_PROBLEM REQUIREMENTS_. Everything in the listing except the pictures should be written out exactly.

_DATASET SECTION_.
===============
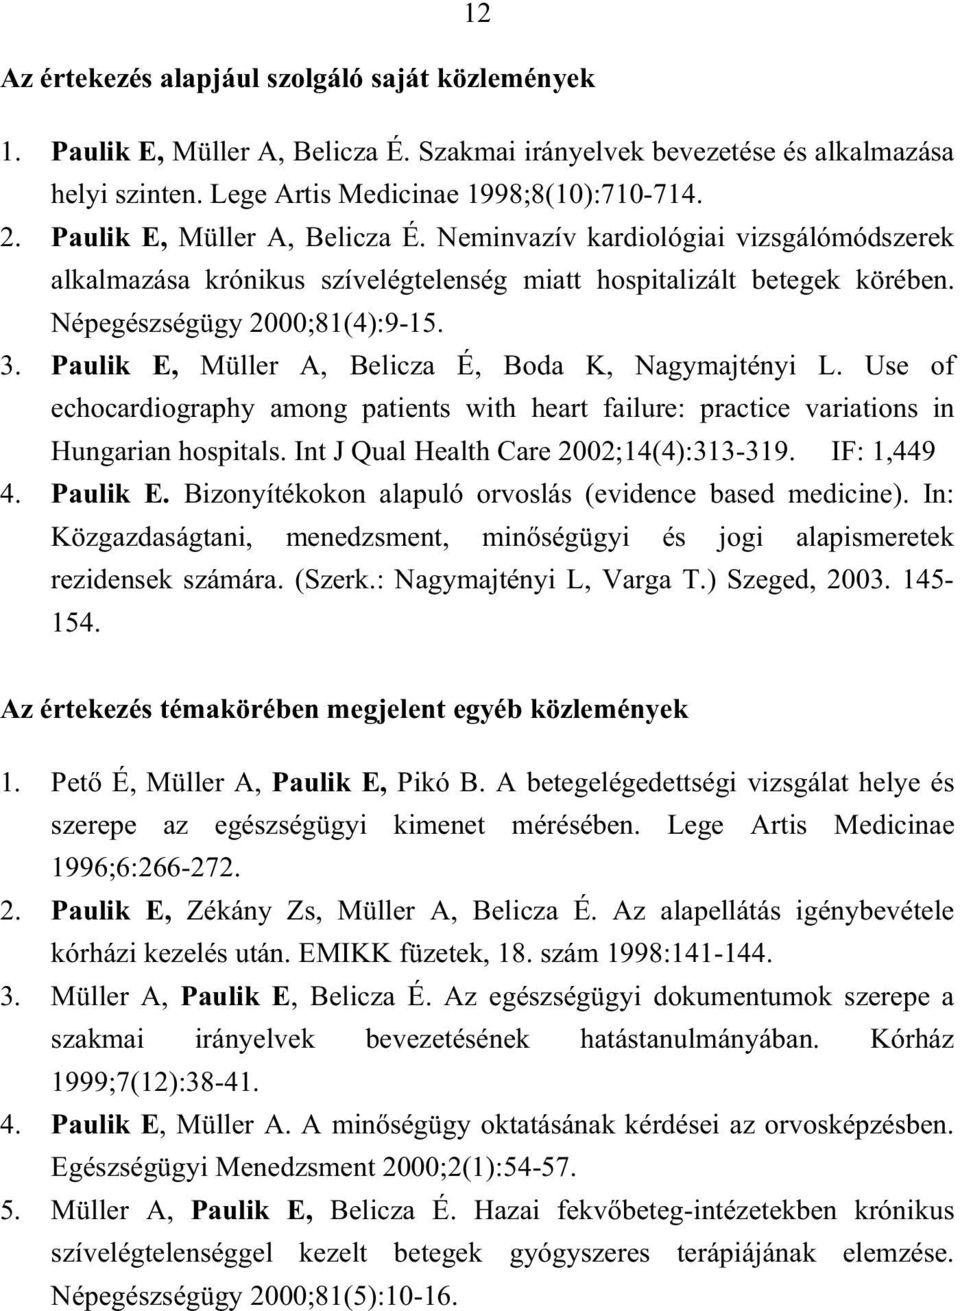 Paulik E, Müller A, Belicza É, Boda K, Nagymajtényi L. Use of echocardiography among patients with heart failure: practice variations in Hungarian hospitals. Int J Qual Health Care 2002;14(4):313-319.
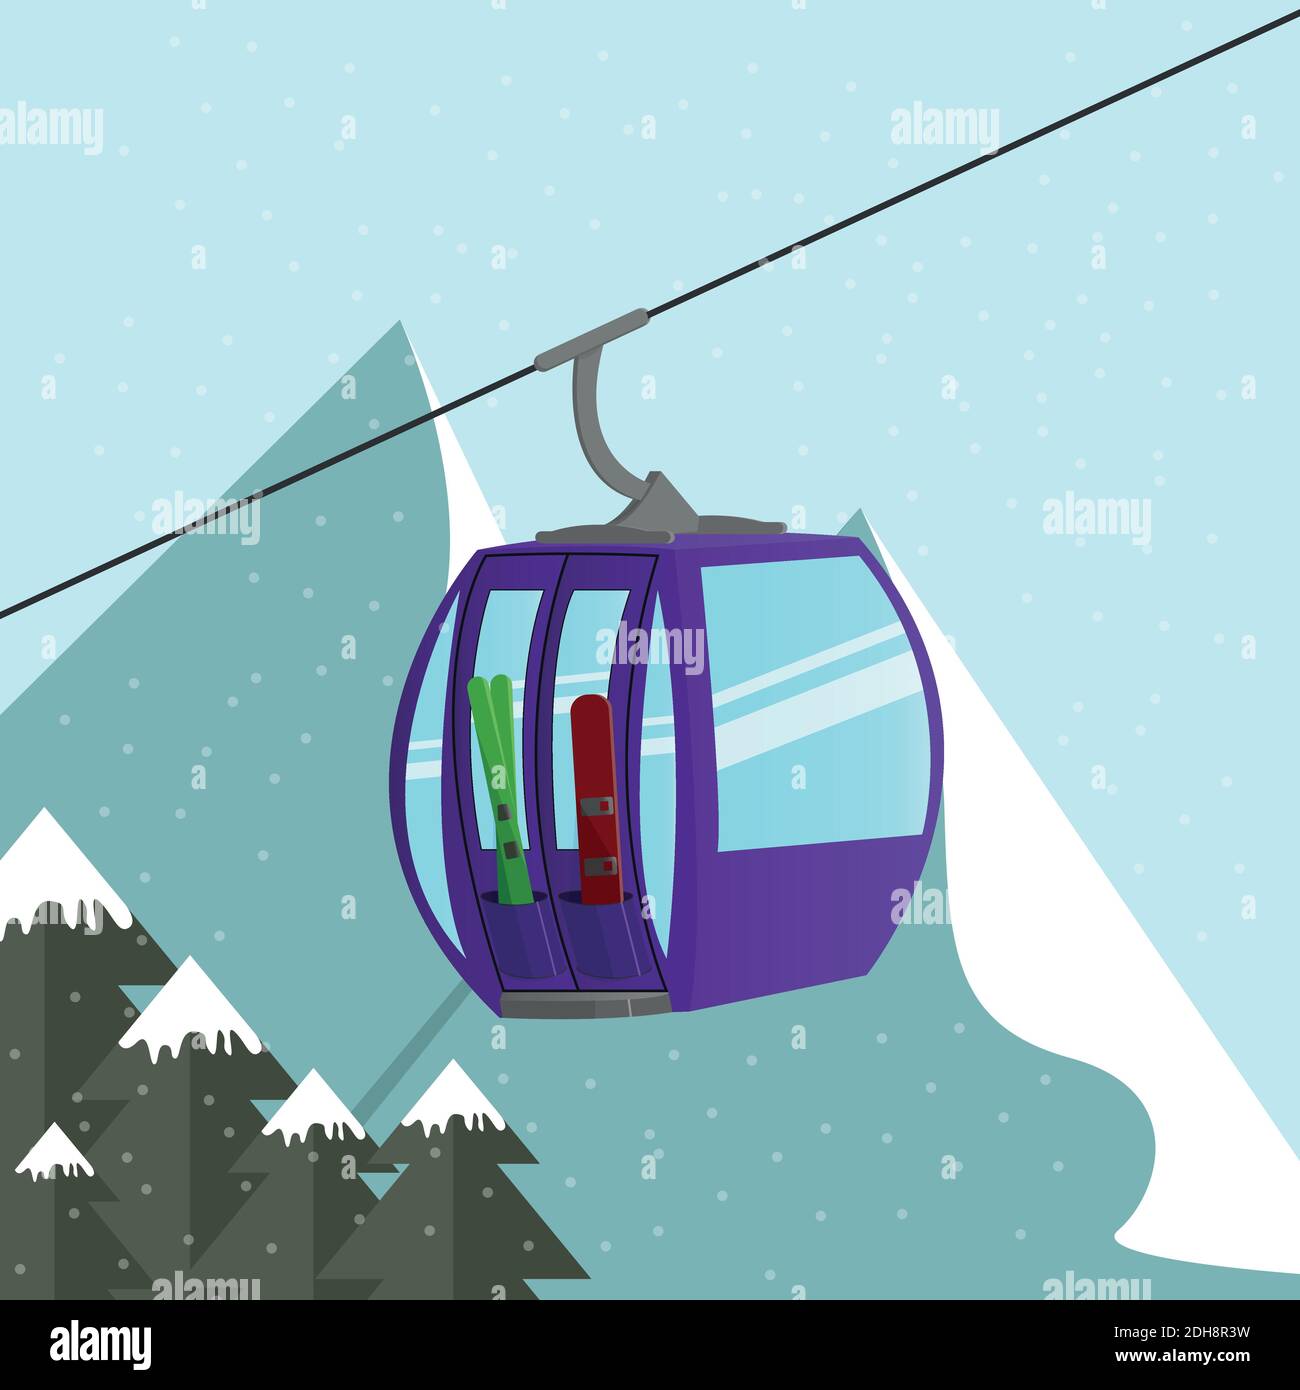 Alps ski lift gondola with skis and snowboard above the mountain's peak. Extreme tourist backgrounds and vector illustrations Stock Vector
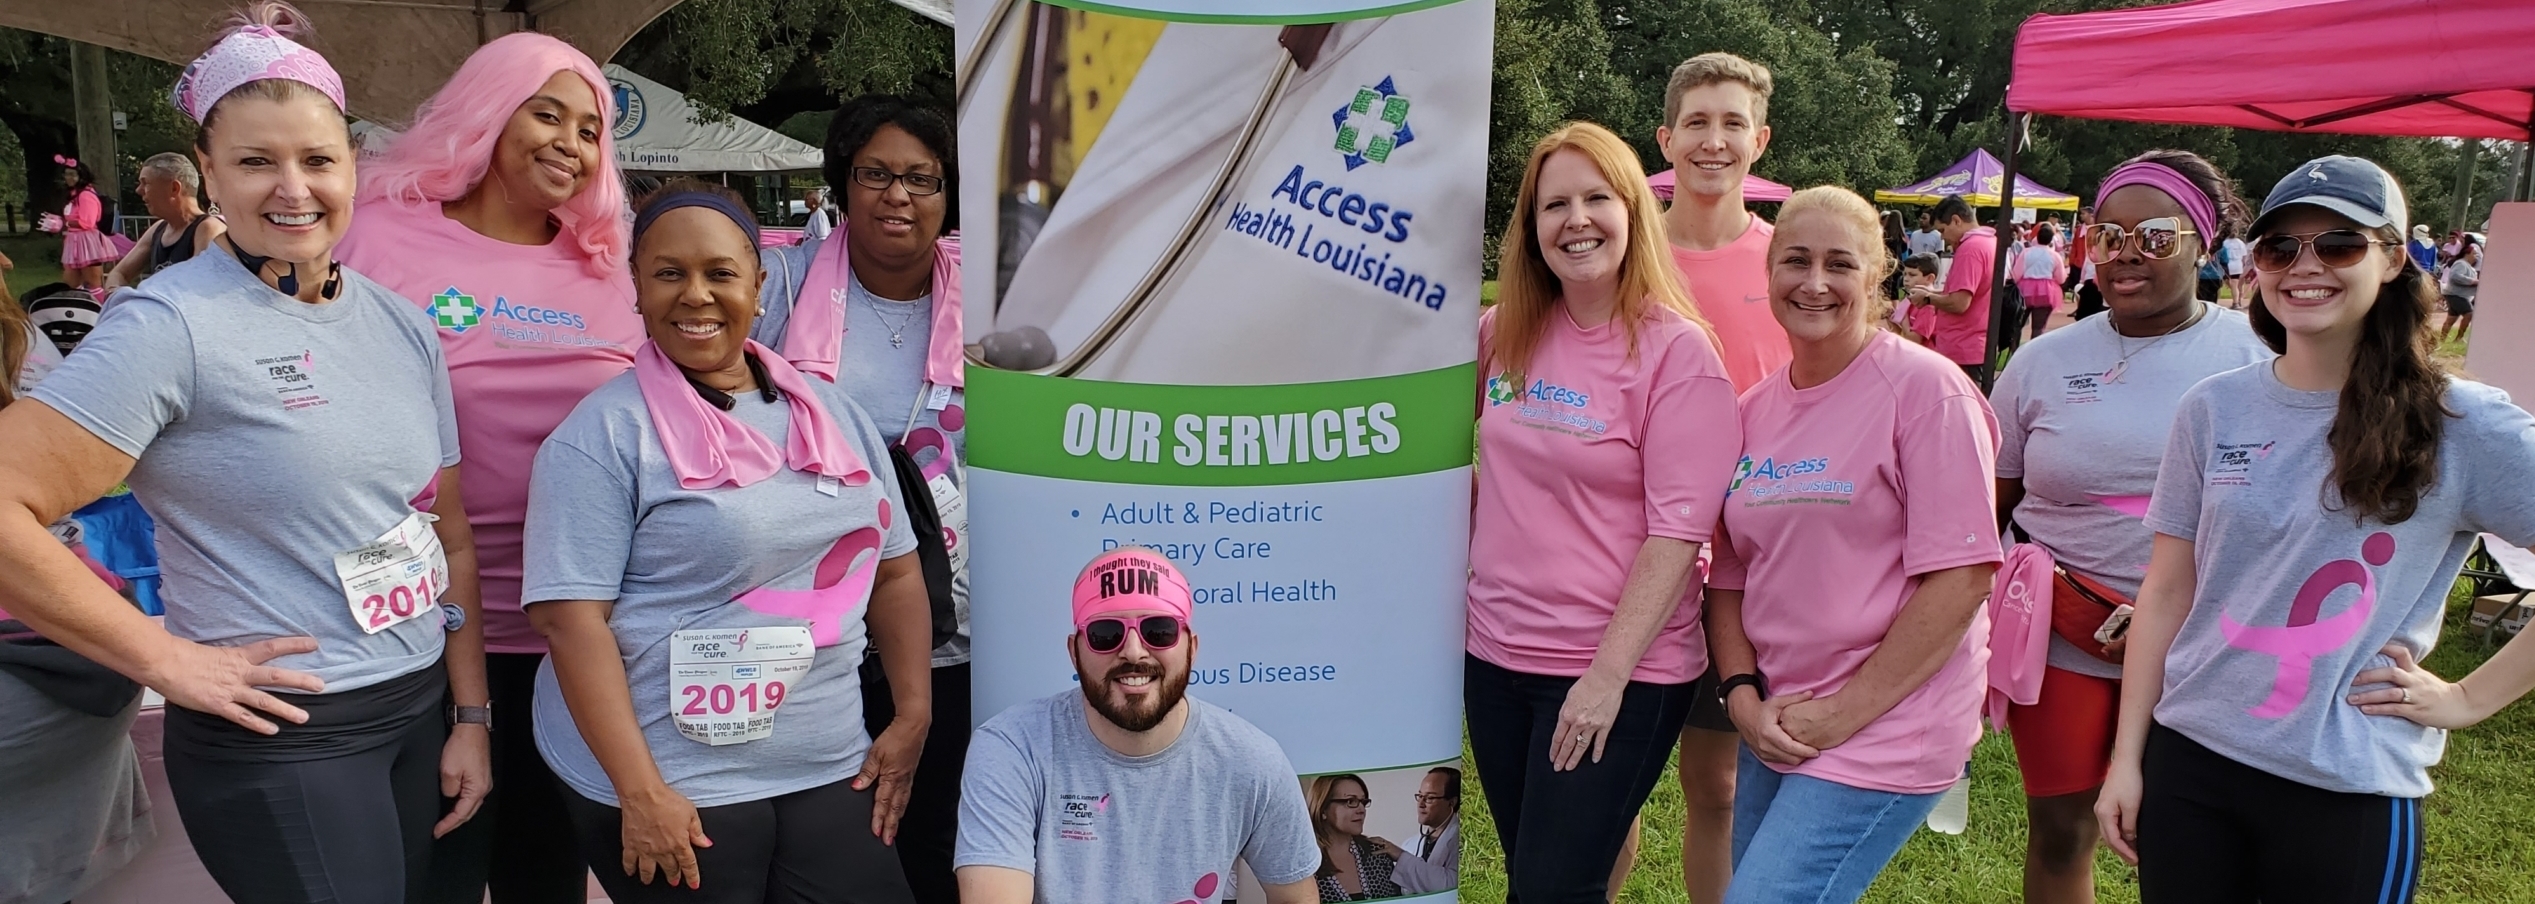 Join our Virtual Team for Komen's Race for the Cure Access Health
===============
_ANSWER BOX_.
 Paulik E, Müller A, Belicza É, Boda K, Nagymajtényi L. Use of echocardiography among patients with heart failure: practice variations in Hungarian hospitals. Int J Qual Health Care 2002;14(4):313-319.
 Alps ski lift gondola with skis and snowboard above the mountain's peak. Extreme tourist backgrounds and vector illustrations Stock Vector
 Join our Virtual Team for Komen's Race for the Cure Access Health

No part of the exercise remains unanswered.